The physical materials involved in designing, producing, and running artificially intelligent systems are all-too-frequently largely absent from discussions of AI itself. As a result, the implications of AI’s intense materiality continue to be overlooked and unremedied.
By picturing the physicality of artificial intelligence within the Better Images of AI repository, with the contributions of Catherine Breslin and Fritzchens Fritz, we hope to foster more accurate representations of these emerging technologies.
Picturing Silicon
Catherine Breslin
Silicon is a crucial component of AI manufacture. A block like the one pictured here would be sliced into 12 inch diameter wafers to form the base of CPUs. Picturing silicon visually illustrates that the ‘mining’ of AI is not purely metaphorical (e.g. data mining) but also a literal, material undertaking. Catherine Breslin, the photographer, operates within the AI supply-chain first-hand in her work as a machine-learning voice engineer and consultant, previously involved in the production of Amazon’s Alexa.
GPUs, etched.
Fritzchens Fritz
The GPU (Graphics Processing Unit) is an essential part of modern AI infrastructure. It’s a special type of chip or electronic circuit, originally designed to process images and render graphics and now used for other computational tasks, including training neural networks in deep learning. Die-shots are close-up photographs of computer chips, from which the “packaging“ is removed, usually by undergoing a quite dangerous etching process involving sulfuric acid and high temperatures. The artist has used a combination of external light sources, polarising filters on the camera lense and image post production to create the colourful effect, capturing with this shot three NVIDIA Turing Chips (TU104, TU106, TU116).
Why these images?
Tania Duarte, who coordinates the Better Images of AI collaboration, explains why the project has elected to commission and include these images as part of their repository:
“All too often we see images of AI in virtual, holographic forms, or find ourselves repeatedly presented with circuit brains in shiny 3D outlines suspended in blue space. These images of AI can make the technology seem intangible and ungovernable; something removed from real-world origins and consequences, perhaps even magical.

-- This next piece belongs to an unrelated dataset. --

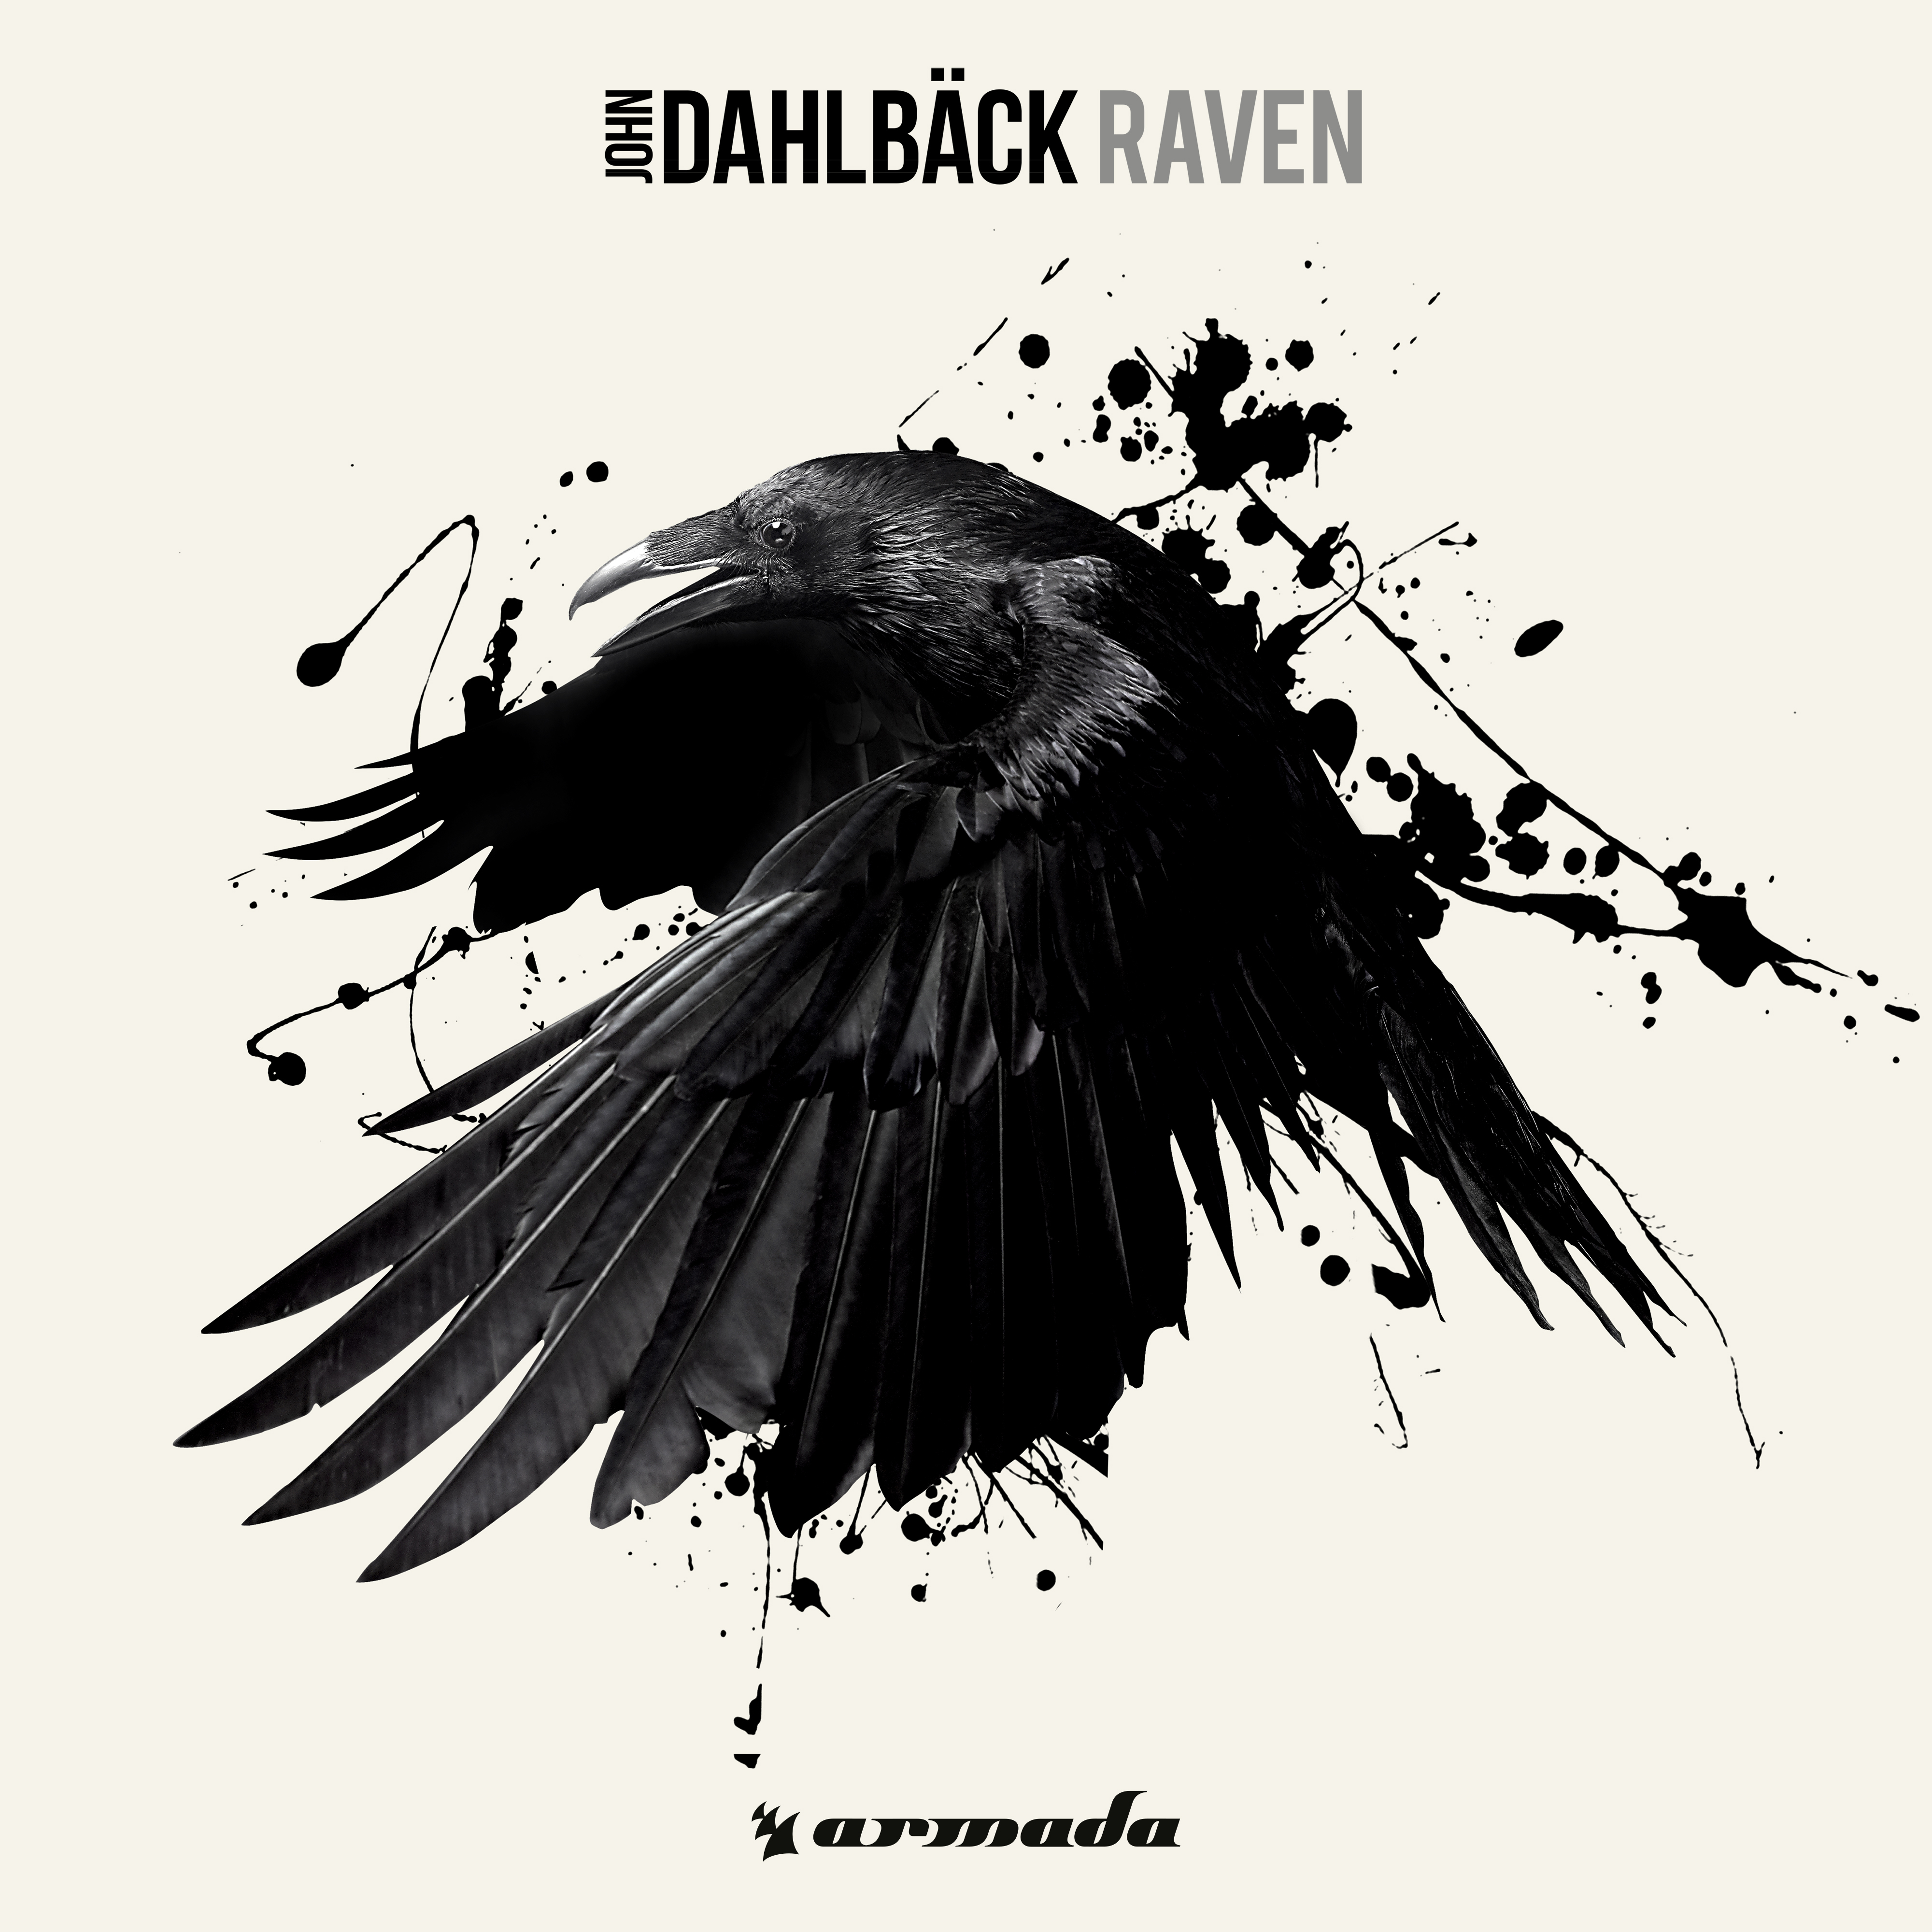 Raven (Original Mix)

Catherine Breslin’s striking silicon rock images show the materiality of AI, and allude to the environmental impact: the physical reality of extracting natural resources for the industry and its toll on people and the planet. It also showcases the stunning beauty of the natural rock, in an iconic image echoing the shiny sci-fi robots in representations of AI, but falling much closer to its physical reality.
The next images of GPUs – made from silicon, are fascinating in that they show a further stage in the production of the hardware which enables AI systems. They are also visually compelling, showing a vibrant use of colour much more reflective of the many outputs of AI, and makes me wonder why in trying to make AI exciting, organisations use such limited and cliched colour palettes.”